The parish falls within the unitary authority of North Somerset which was created in 1996, as established by the Local Government Act 1992. It provides a single tier of local government with responsibility for almost all local government functions within its area including local planning and building control, local roads, council housing, environmental health, markets and fairs, refuse collection, recycling, cemeteries, crematoria, leisure services, parks, and tourism. It is also responsible for education, social services, libraries, main roads, public transport, trading standards, waste disposal and strategic planning, although fire, police and ambulance services are provided jointly with other authorities through the Avon Fire and Rescue Service, Avon and Somerset Constabulary and the South Western Ambulance Service.
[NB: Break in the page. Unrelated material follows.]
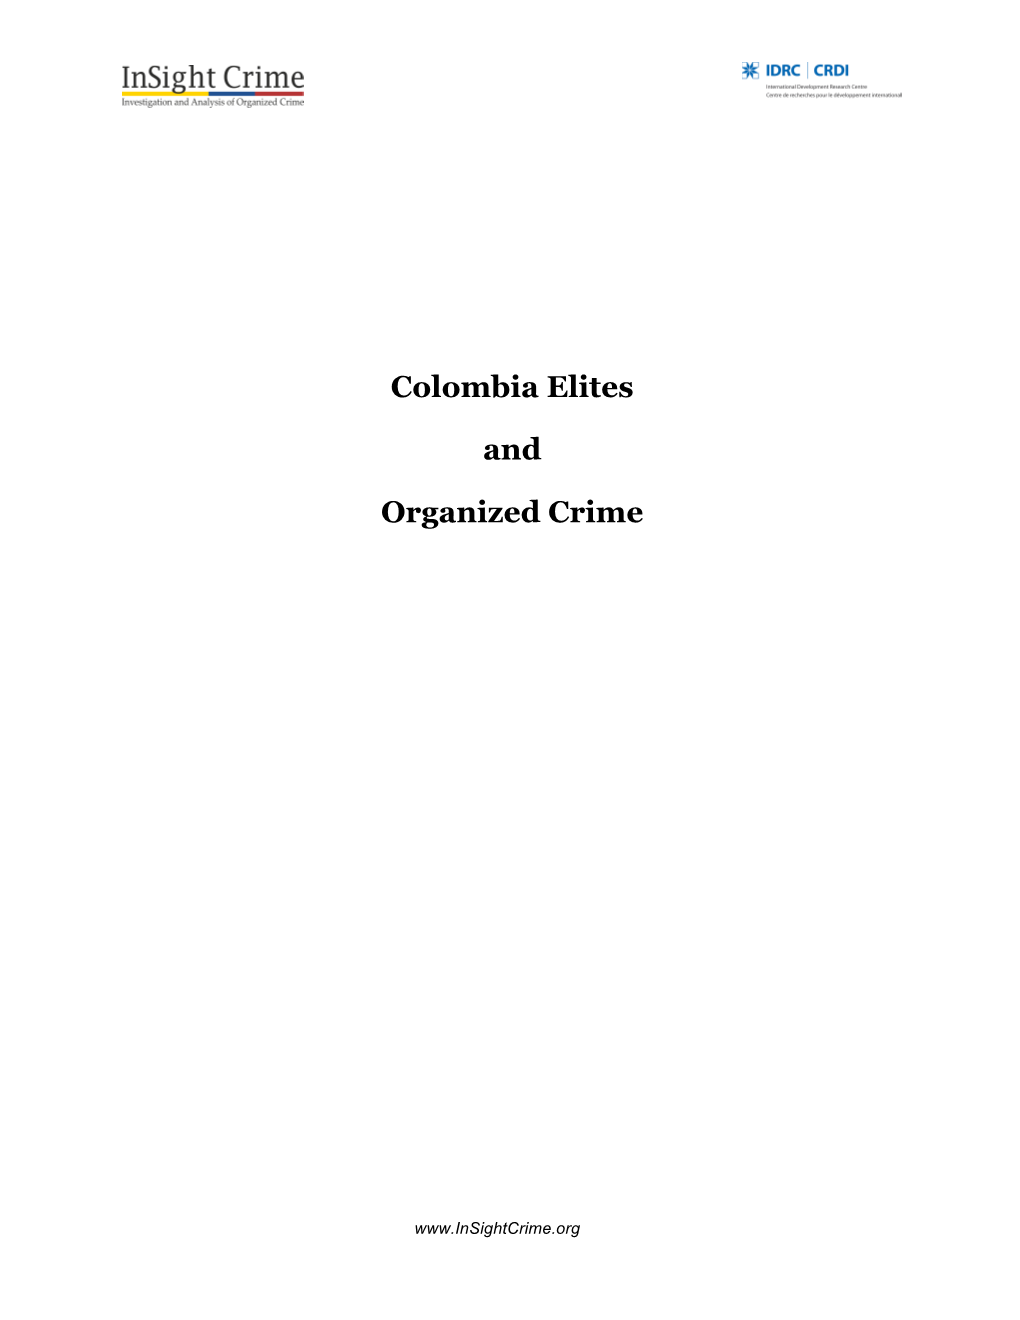 Colombia Elites and Organized Crime

North Somerset's area covers part of the ceremonial county of Somerset but it is administered independently of the non-metropolitan county. Its administrative headquarters is in the town hall in Weston-super-Mare. Between 1 April 1974 and 1 April 1996, it was the Woodspring district of the county of Avon. Before 1974 that the parish was part of the Axbridge Rural District.

The parish is represented in the House of Commons of the Parliament of the United Kingdom as part of the Wells and Mendip Hills constituency. It elects one Member of Parliament (MP) by the first past the post system of election. It was also part of the South West England constituency of the European Parliament prior to Britain leaving the European Union in January 2020, which elected seven MEPs using the d'Hondt method of party-list proportional representation.

==Religious sites==

The Church of the Holy Trinity is from the 15th century and was restored in 1884. It is a Grade I listed building. It contains a stained-glass window, with the arms of the Capels of Langford Court. The tower contains a bell dating from 1713 and made by Edward Bilbie of the Bilbie family.